◆ Data segment ◆
= = =

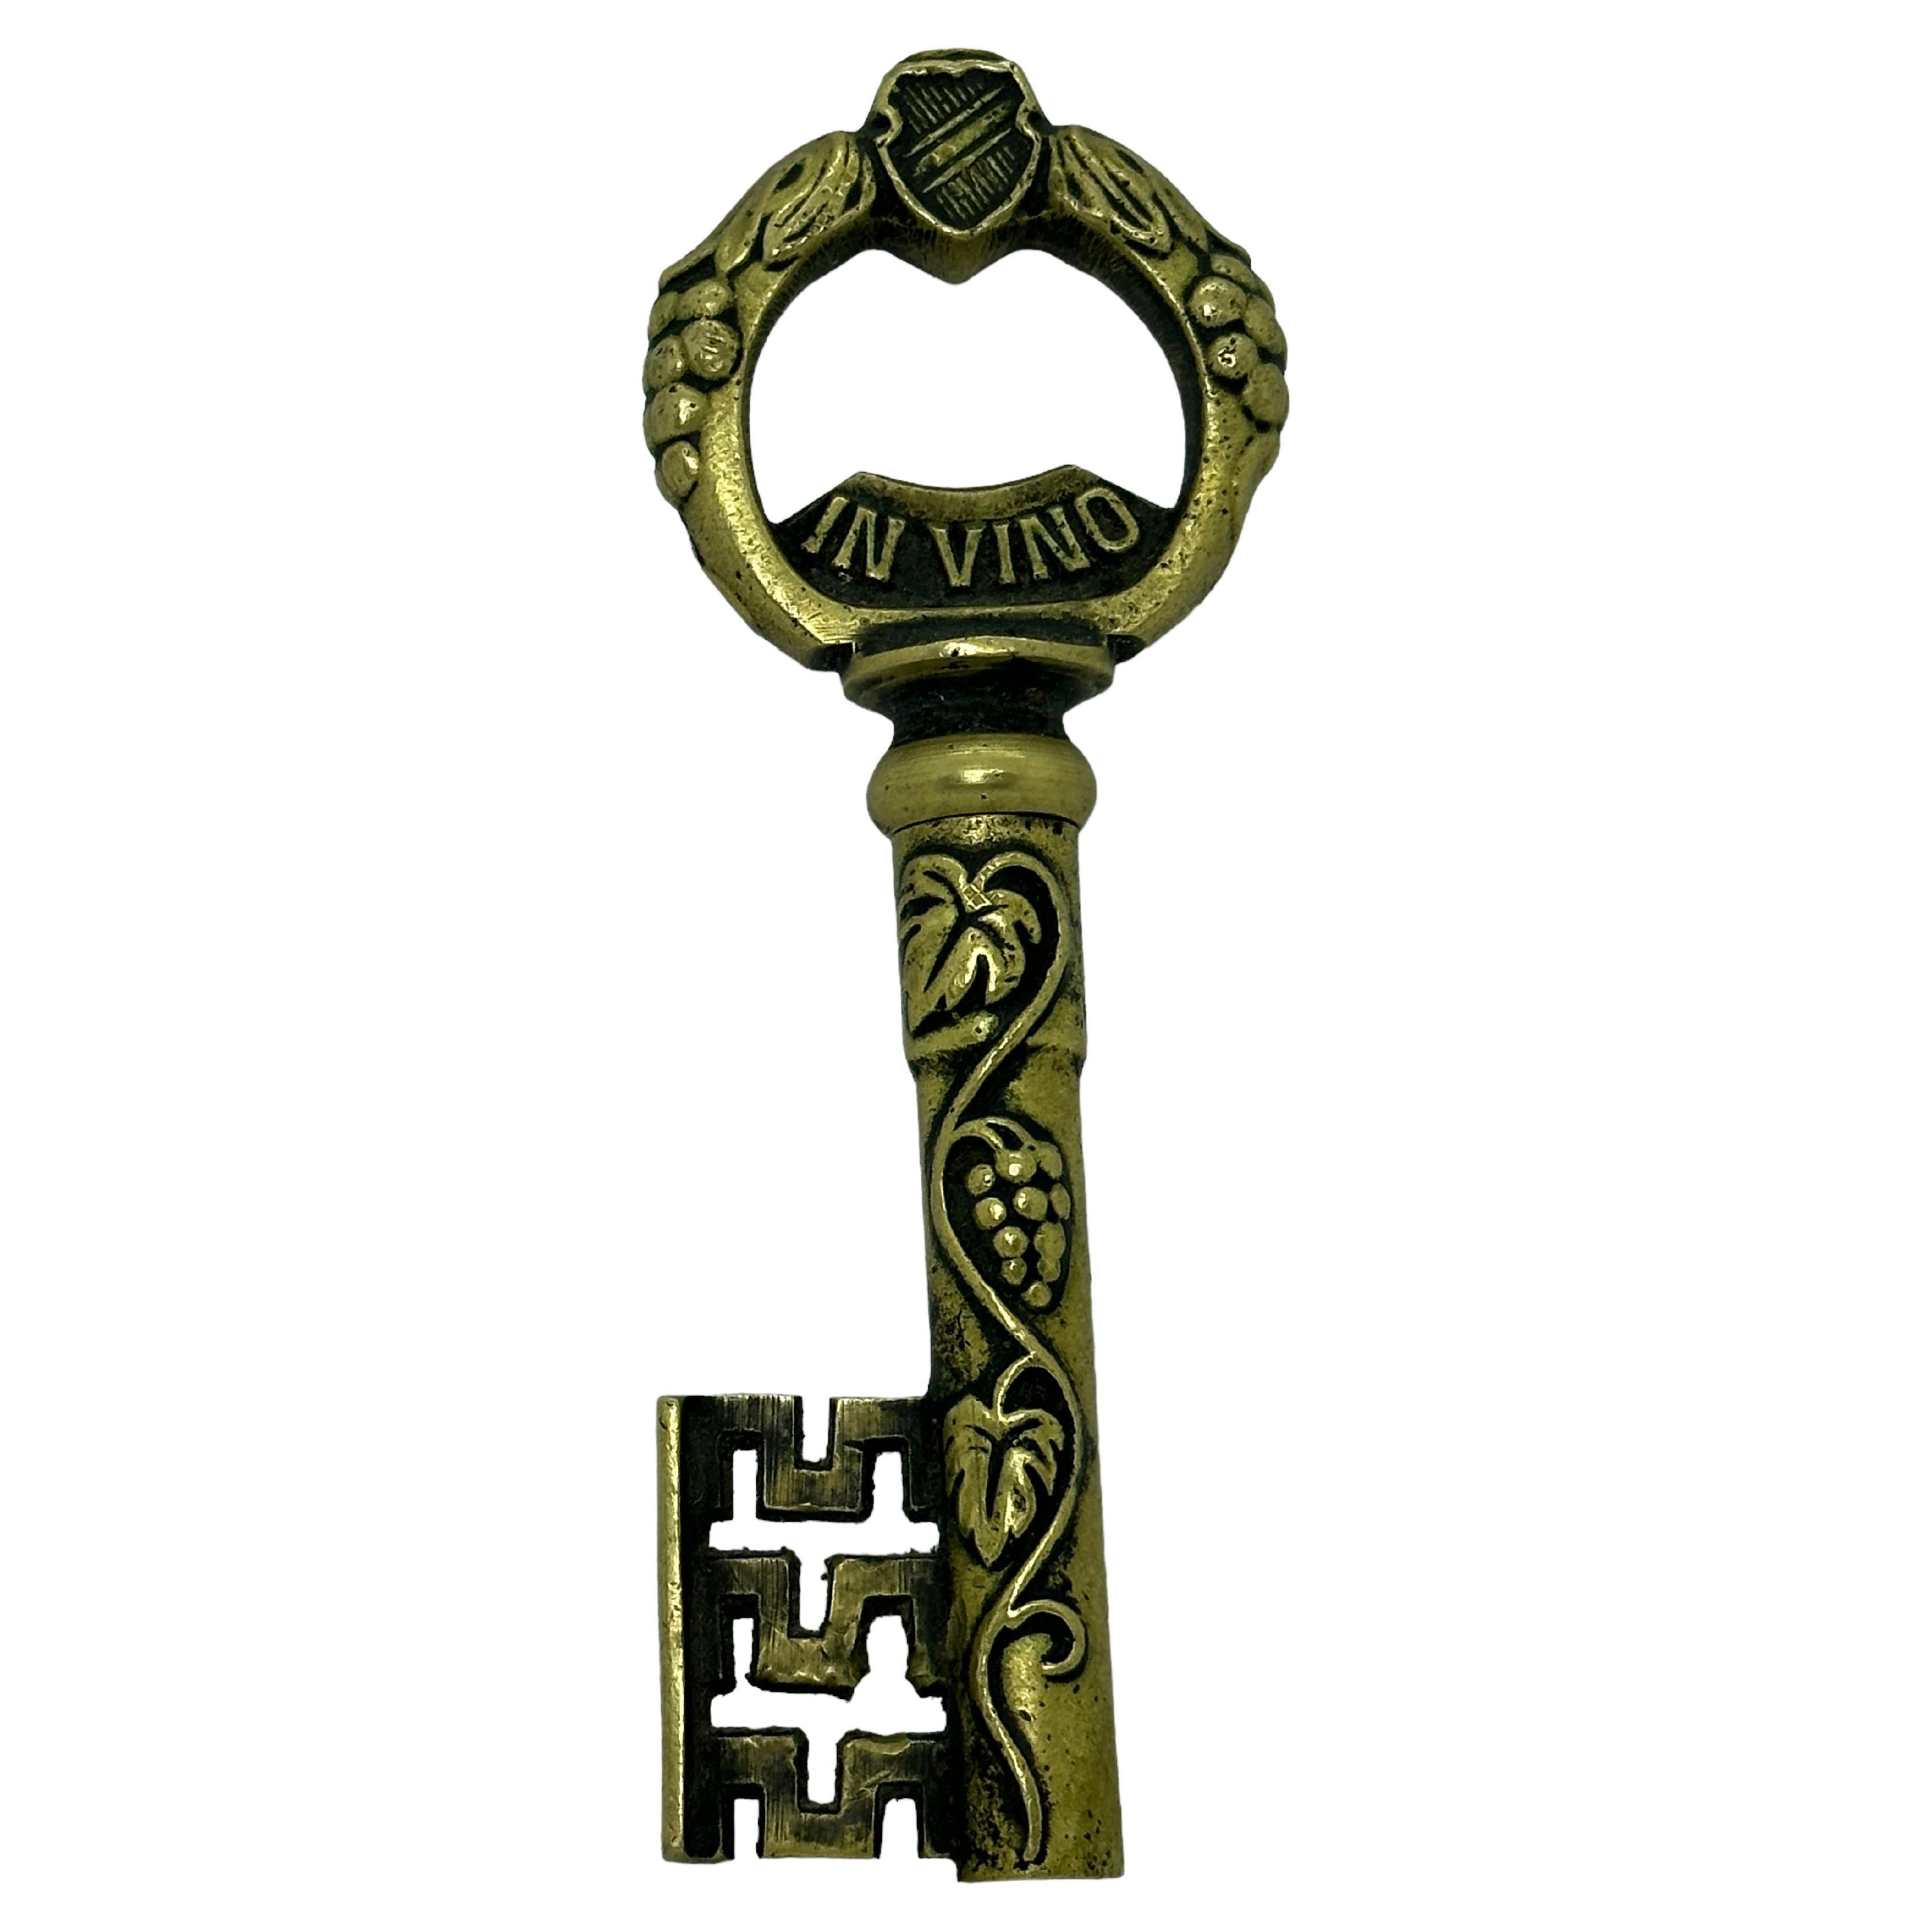 Mid-Century Austrian Brass Key Cork Screw or Bottle Opener
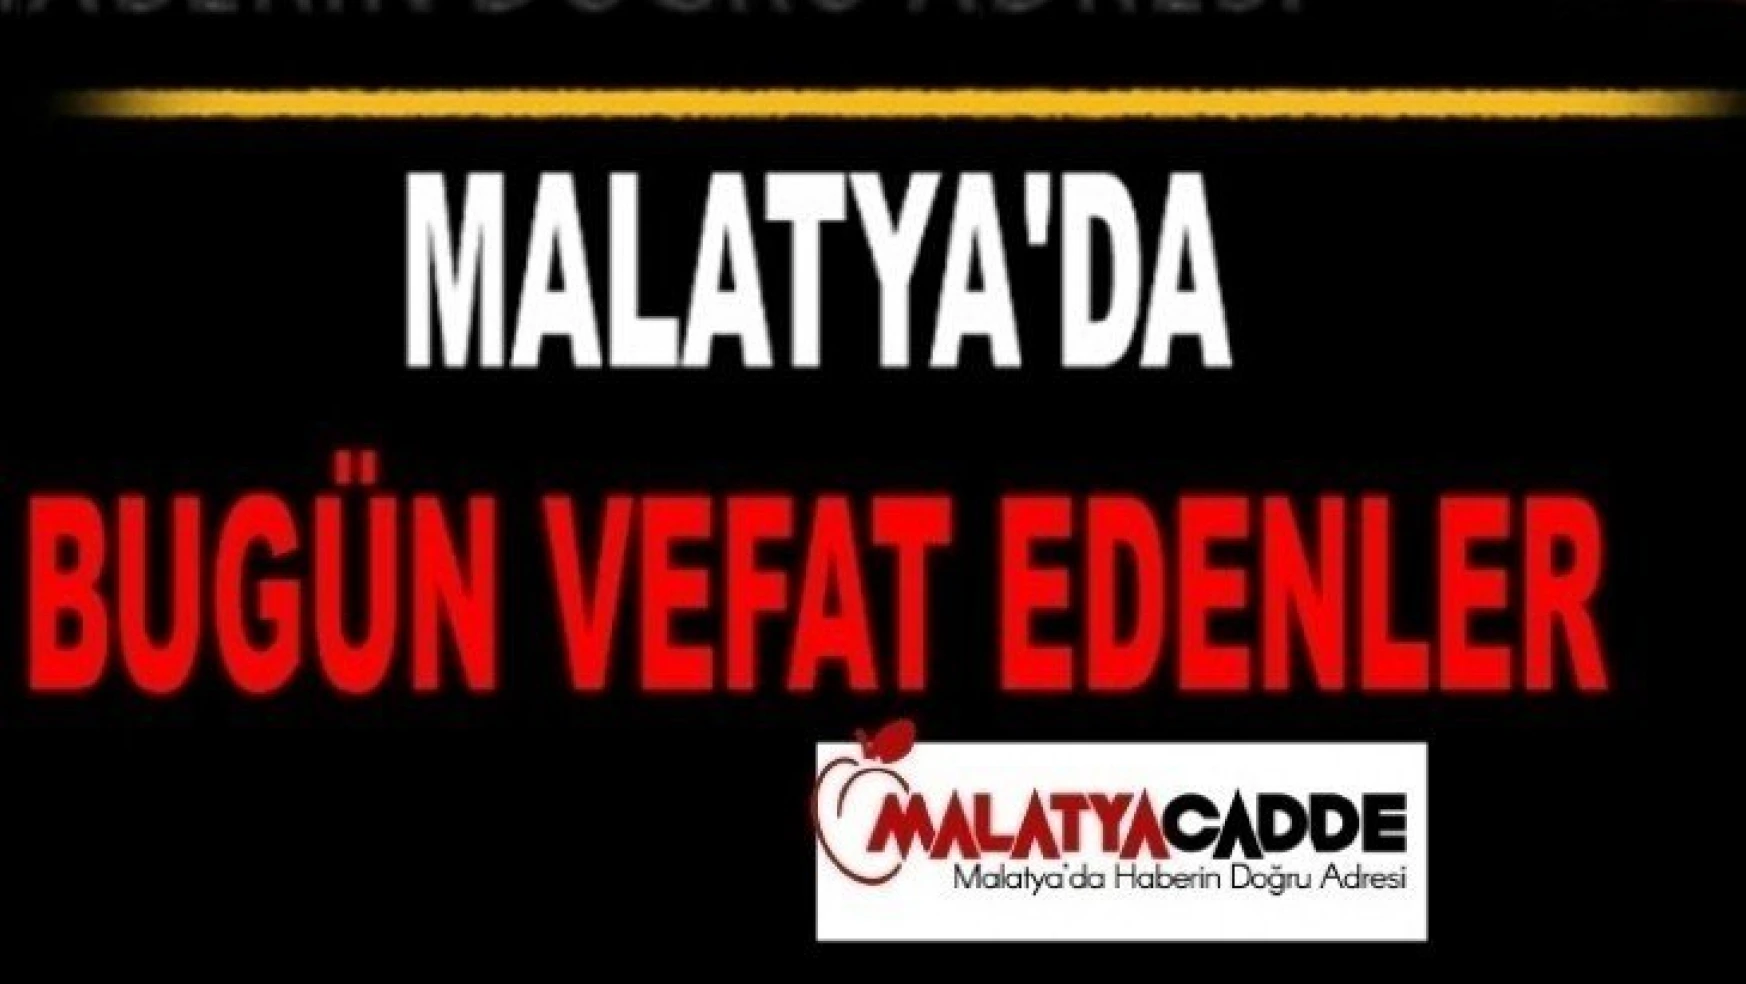 Malatya'da Bugün 13 Kişi Vefat Etti
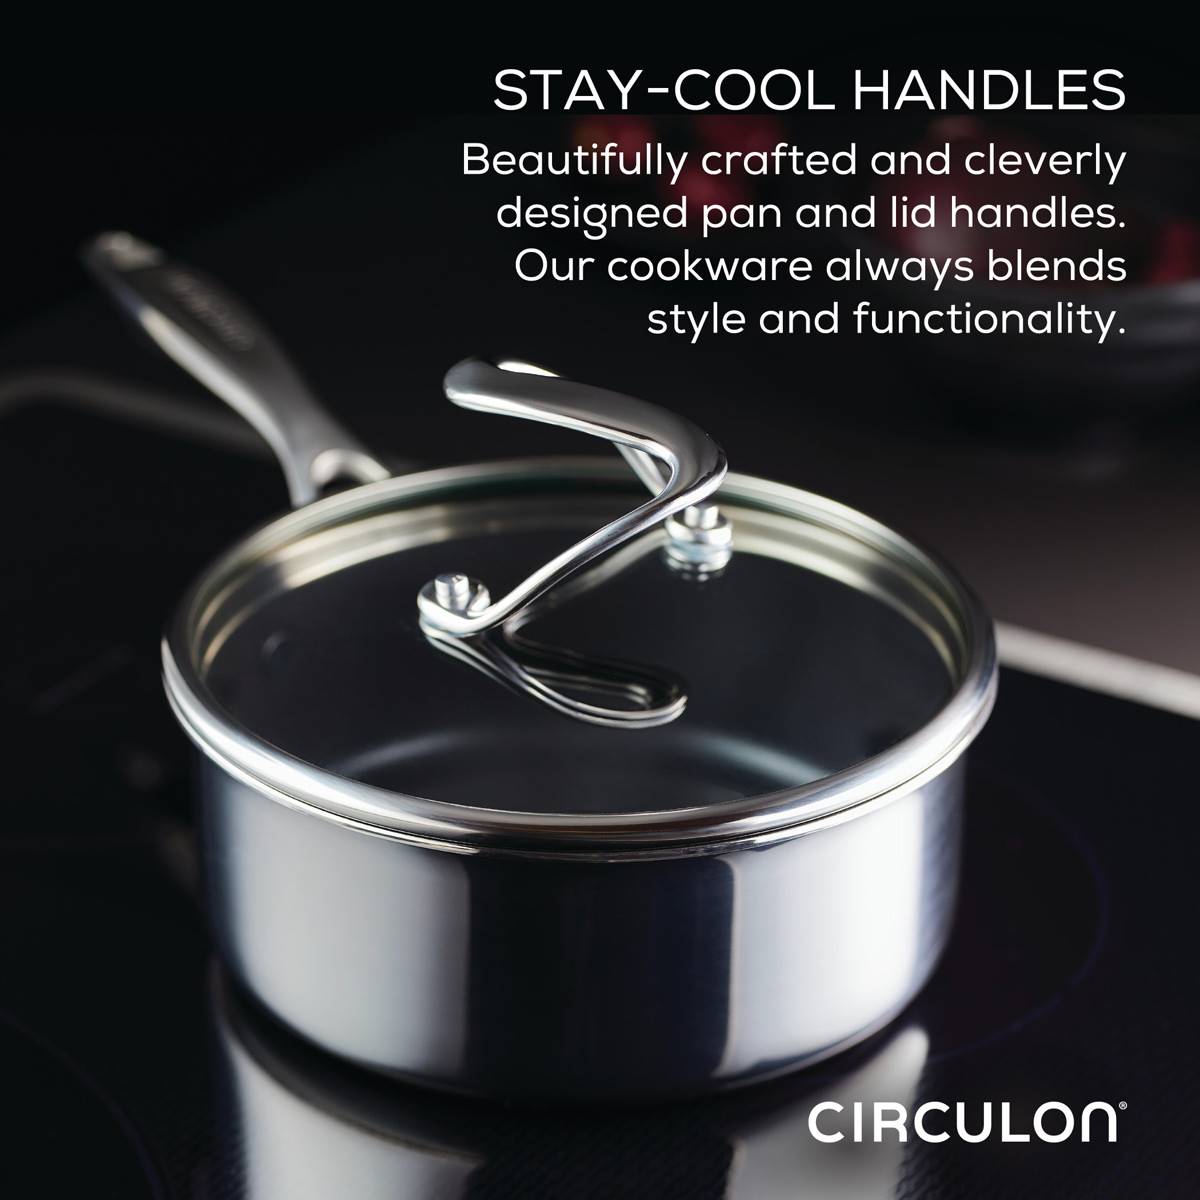 Circulon(R) 2qt. Stainless Steel Saucepan

= = =

◆ Exercise description ◆
Copy exactly the lines running from the line with "Malatya'da Bugün 13 Kişi Vefat Etti" to the final line of the listing, keeping both ends and dropping any picture.

◆ Solution for this problem ◆
 Malatya'da Bugün 13 Kişi Vefat Etti
 Circulon(R) 2qt. Stainless Steel Saucepan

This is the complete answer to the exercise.